Sharif's loyalists reject that view. "We don't believe there's any kind of deal," says Anusha Rahman Khan, who heads a pro-Nawaz group of women lawyers. "The only understanding he may have struck was that he could land safely."
Some Pakistanis even argue that Musharraf sees a political value in Sharif's return in that it most likely will further undercut Bhutto's position and deepen the already wide divide among the opposition parties. A quarrel is already breaking out over whether or not to participate in the elections. So far Bhutto seems leaning toward having her Pakistan People's Party run in the upcoming polls, while Sharif's faction of the Pakistan Muslim League, and the tiny party of former cricket star Imran Khan, among others, have said they are leaning toward boycotting the vote which Musharraf says most likely will be held under emergency regulations without strong constitutional guarantees.

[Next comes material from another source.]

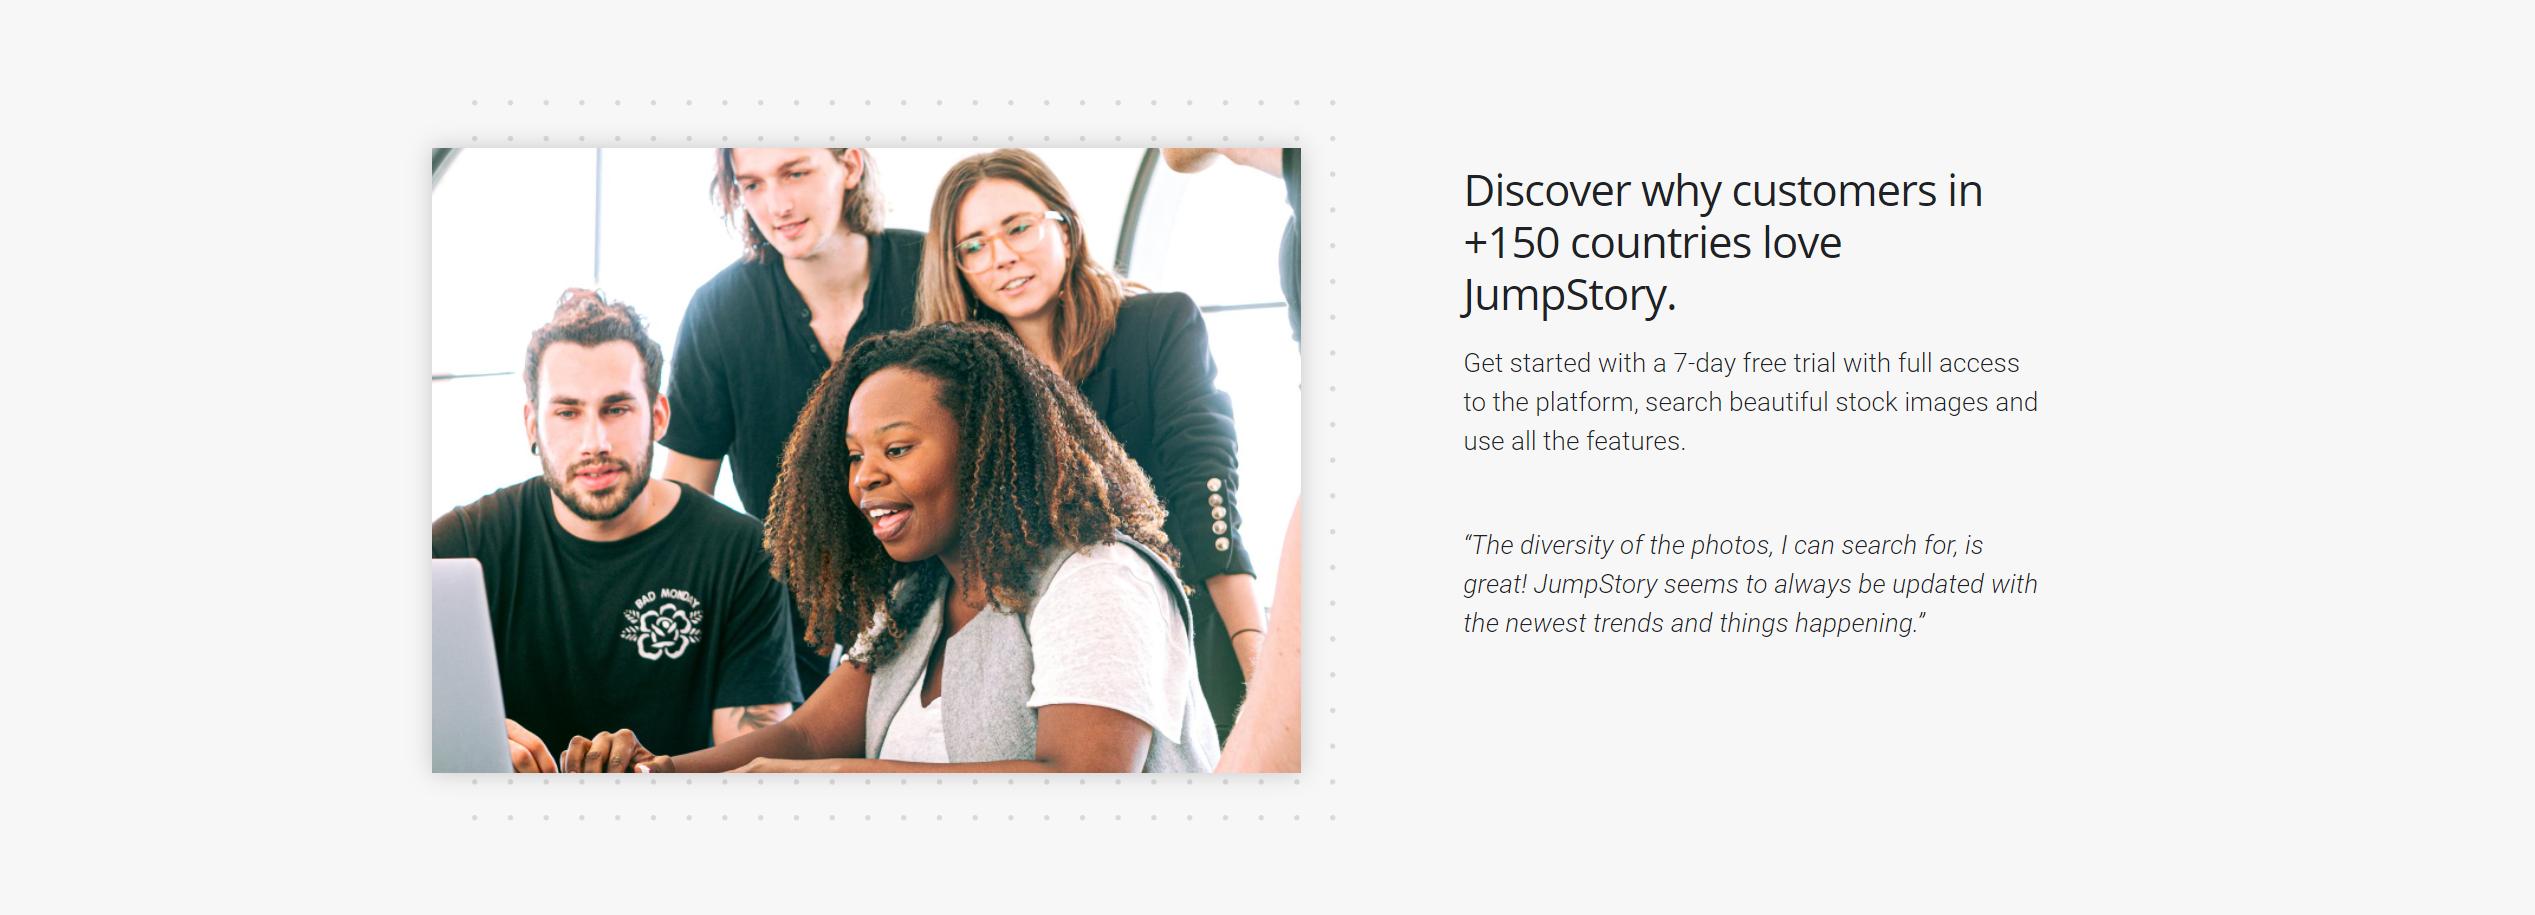 JumpStory Software - 5

One of the country's most charismatic, opposition lawyers, Aitzaz Ahsan, a PPP stalwart, was released from prison on Saturday, perhaps temporarily, so he could register as a candidate in the upcoming election. But as he filed his nomination papers Sunday in a stuffy Lahore courtroom, he said he did not think the vote could be free and fair if held under the emergency. "It's next to impossible to hold an election under an emergency," he said, wearing a floral wreath around his neck, which was placed there by his supporters. "Martial law and elections are an oxymoron." He added that he hoped all the opposition parties would be able to decide to take a united stand as to whether they should run or boycott the polls. Indeed opposition unity is on the minds of many Pakistanis. "We want the opposition politicians to make an alliance to end Musharraf's dictatorship," says Rafaqat Khan, a Lahore lawyer and Ahsan supporter.
But opposition unity, while widely hoped for, is unlikely to be achieved. Musharraf is counting on it. As long as the opposition stays disunited, Musharraf and his political allies can probably continue clinging to power.